## Given information
---------------
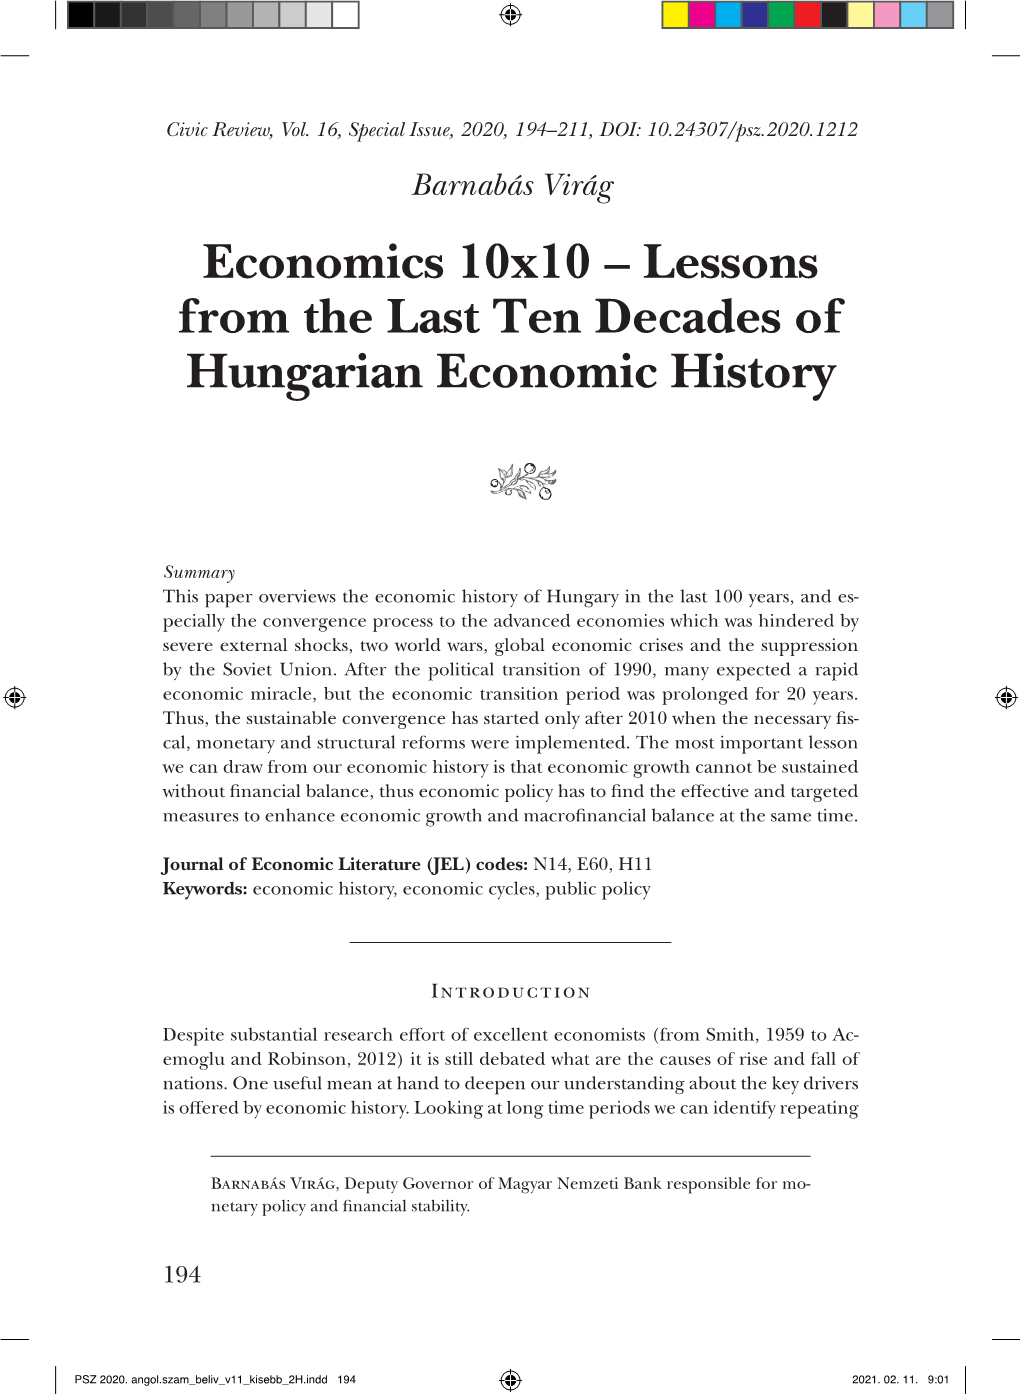 Lessons from the Last Ten Decades of Hungarian Economic History
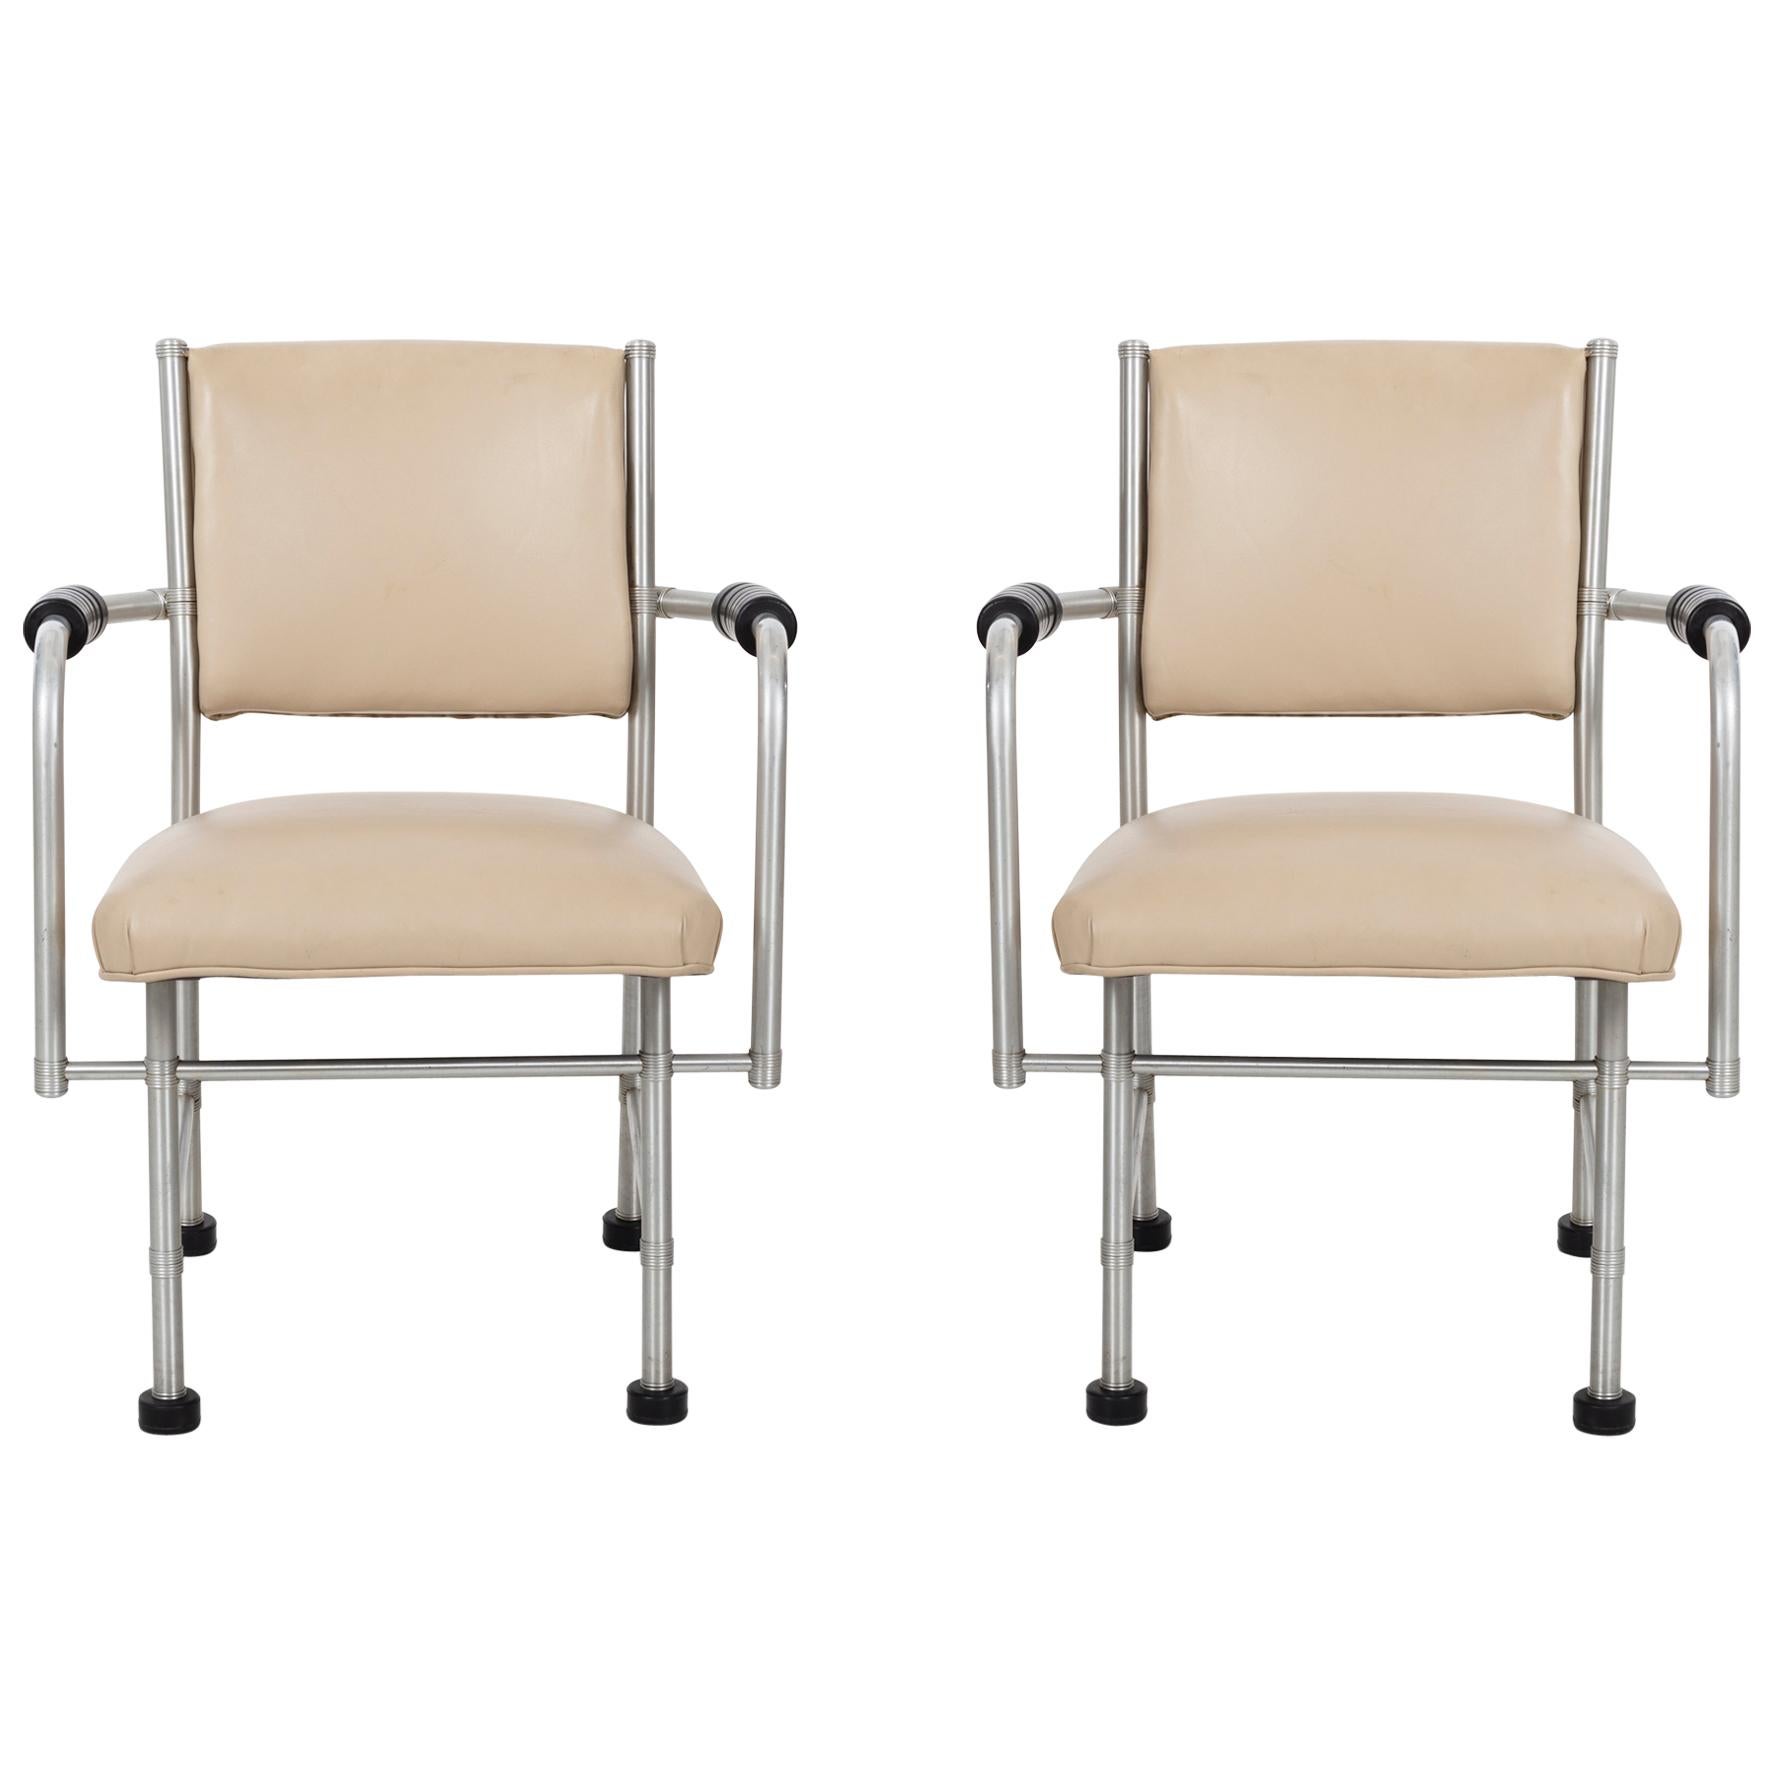 Warren McArthur Pair of Chairs a Revision of The Sardi's Chair
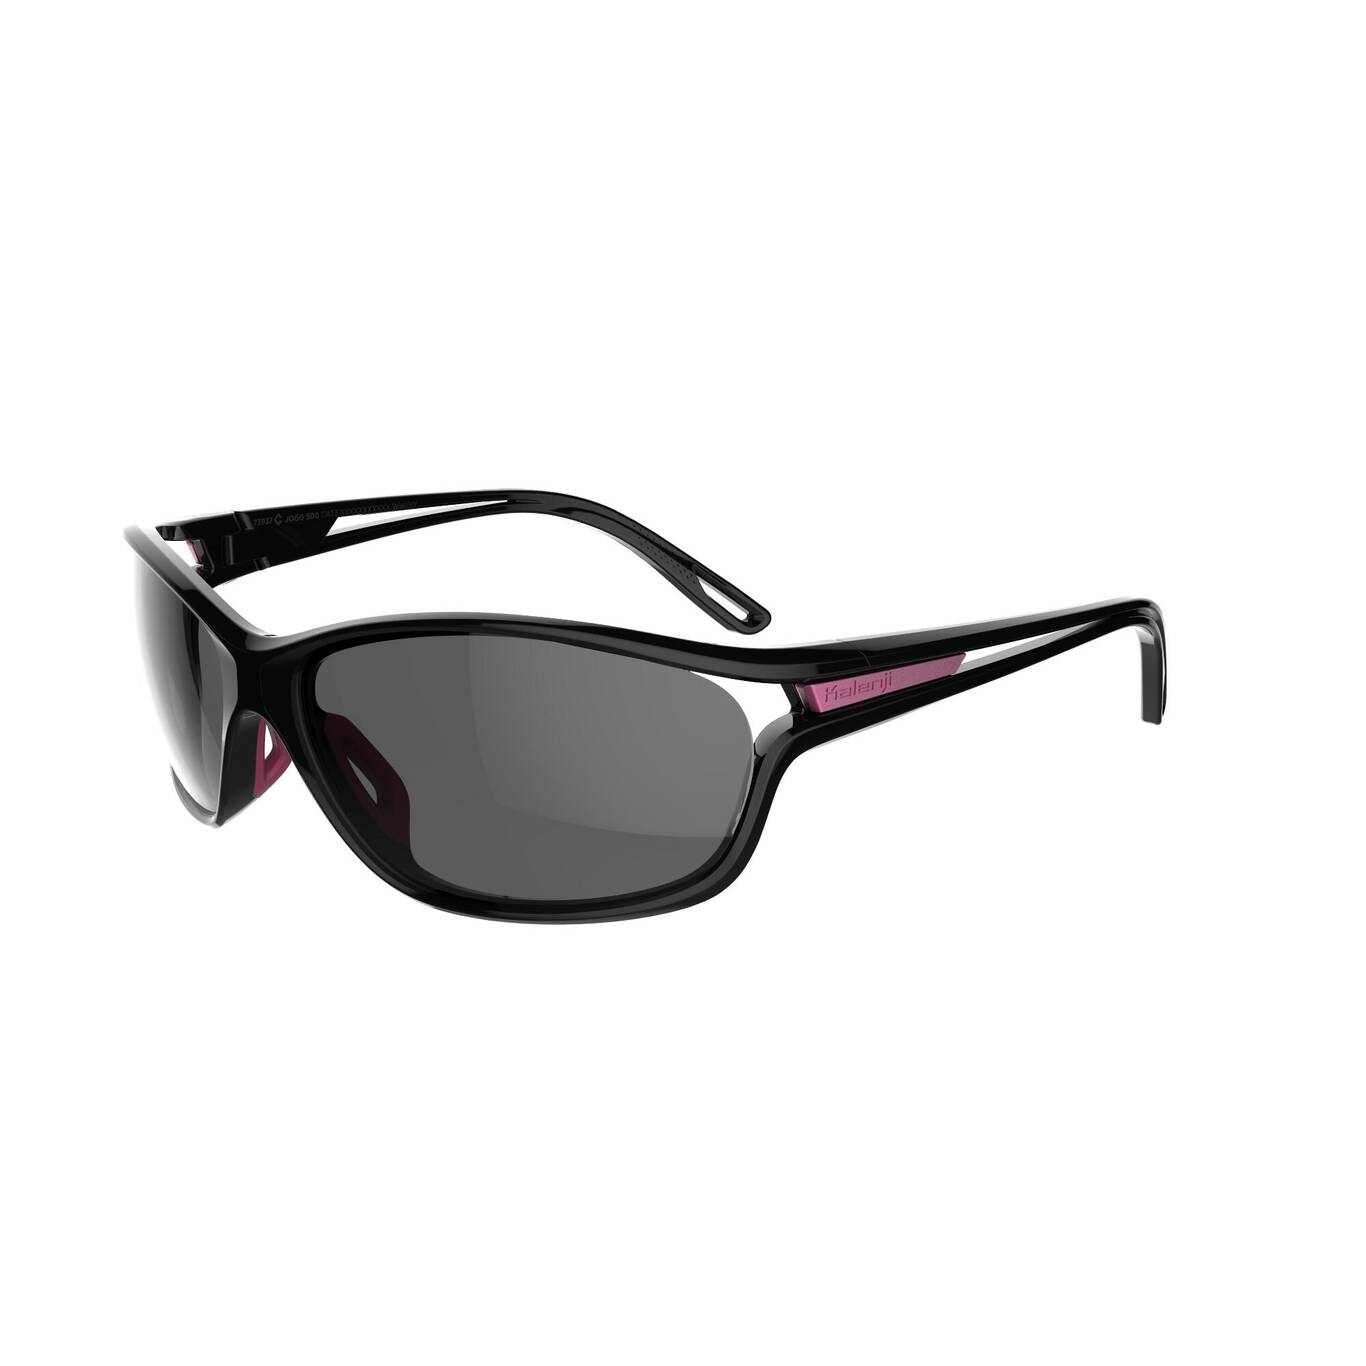 RUNSTYLE ADULT CATEGORY 3 RUNNING GLASSES - GREY/PURPLE
---------------
## Exercise
Repeat verbatim all the material, but not the pictures.

## Output for this task
 Lessons from the Last Ten Decades of Hungarian Economic History
 Warren McArthur Pair of Chairs a Revision of The Sardi's Chair
 RUNSTYLE ADULT CATEGORY 3 RUNNING GLASSES - GREY/PURPLE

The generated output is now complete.